The environment consists of six rooms and one corridor. The agent starts from a random initial location in the corridor, and the final goal is to get the ball. Since the ball is locked in a room, the agent must pick up the key and open the yellow locked door. In a successful episode, the agent must open the unlocked doors (colored in green and blue), pick up the key, unlock the yellow door, and reach the purple ball. Note that the agent only has a partial observation (colored white) of the environment at a time step.

Atari-Pong

Generate Code: Please refer the training/inference code from https://github.com/greydanus/baby-a3c

The original directory is as follows :

Atari-Pong
├── test
    ├── 0.npy
    ├── 0_r.npy
    ├── 1.npy
    ├── 1_r.npy
...
└── train
    ├── 0.npy
    ├── 0_r.npy
    ├── 1.npy
    ├── 1_r.npy

Atari-Pong-S (Training Set: 21500 Trajs | Test Set: 2000 Trajs)
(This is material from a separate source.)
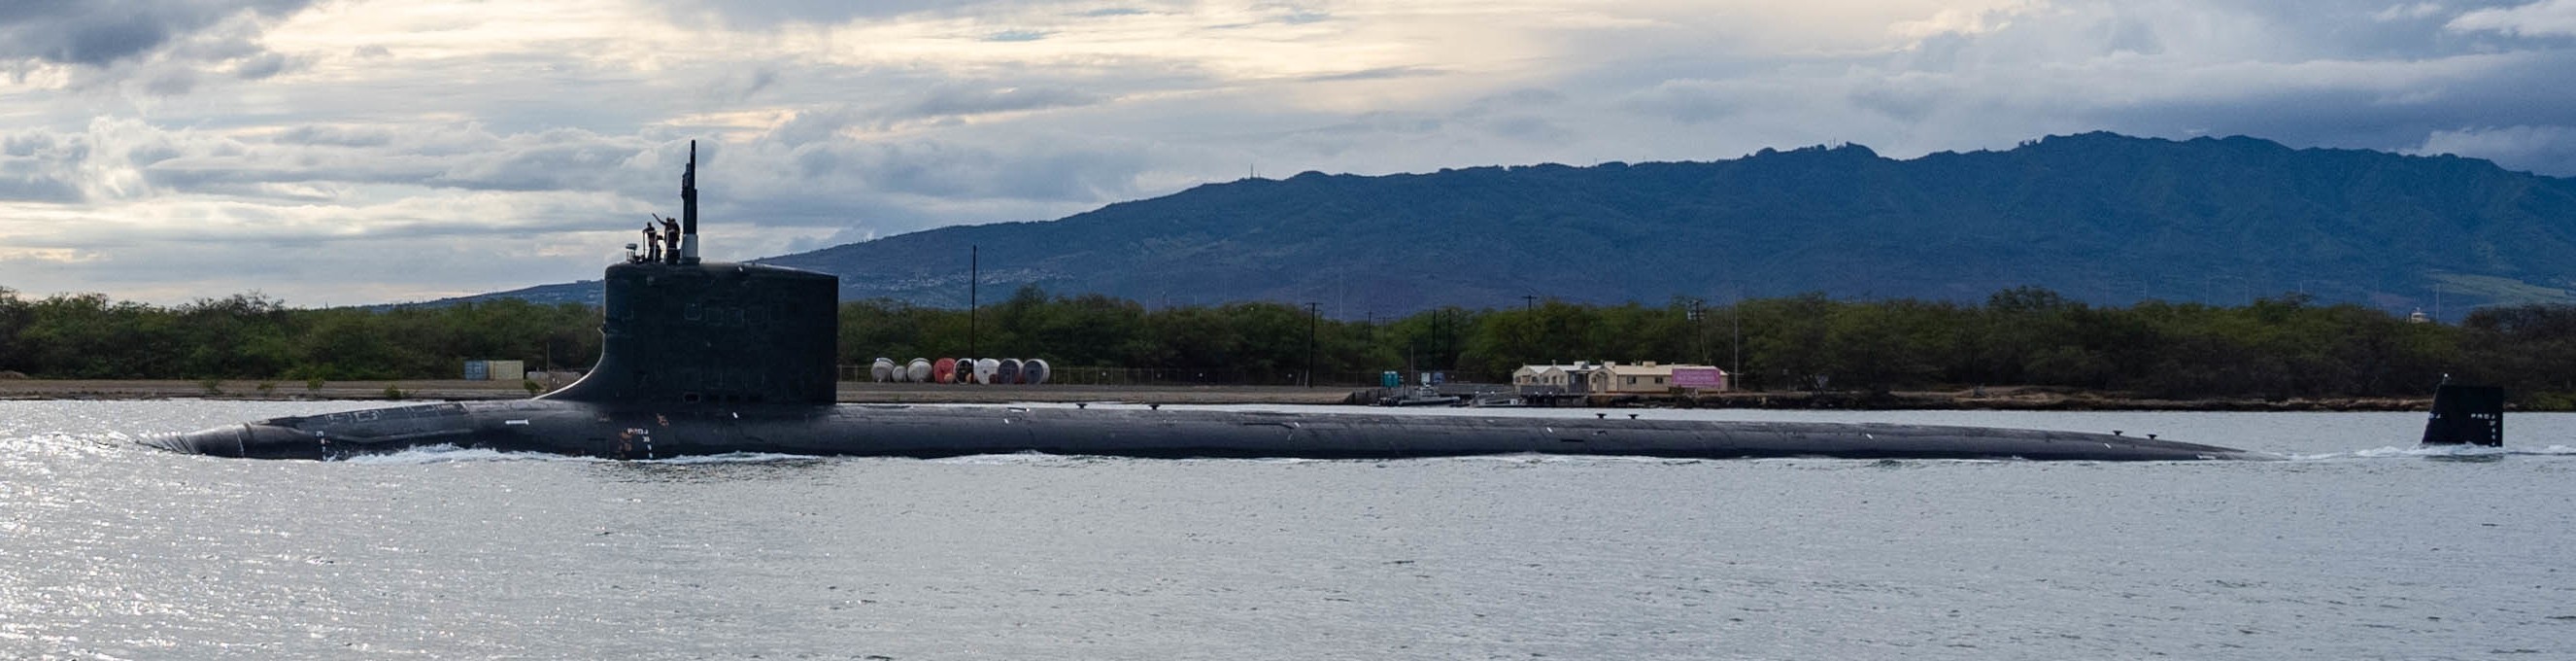 ssn-780 uss missouri virginia class attack submarine us navy 62 departing pearl harbor hickam hawaii

Google Drive: Download Link

Atari-Pong-M (Training Set: 21500 Trajs | Test Set: 2000 Trajs)

Google Drive: Download Link

Atari-Seaquest

The collected trajectories are too large, which is hard to upload. Instead, we provide the policy of these trajectories on Seaquest. In this paper, we collect several trained policies (including both good and bad policies) to mimic the real scenario.

Google Drive: Download Link

Generate the dataset by

python ./Policy_Improvement/trajectory_generator.py \
--task SeaquestNoFrameskip-v4 \
--sample_numebers 8000 \
--random_thres 0.3 \
--path [/path/to/save/data] \
--model_dir [unzipped trained policy] \

These policies are trained by Tianshou Platform.

Pretrained Models

GridWorld.	F1@Tolerance=1	F1@Tolerance=2	F1@Tolerance=3	Google Drive
Random	56.08	75.18	85.63	-
Deep-State-Identifier	81.95	84.79	91.03	Download Link

The reported result in the paper is based on F1@T=2.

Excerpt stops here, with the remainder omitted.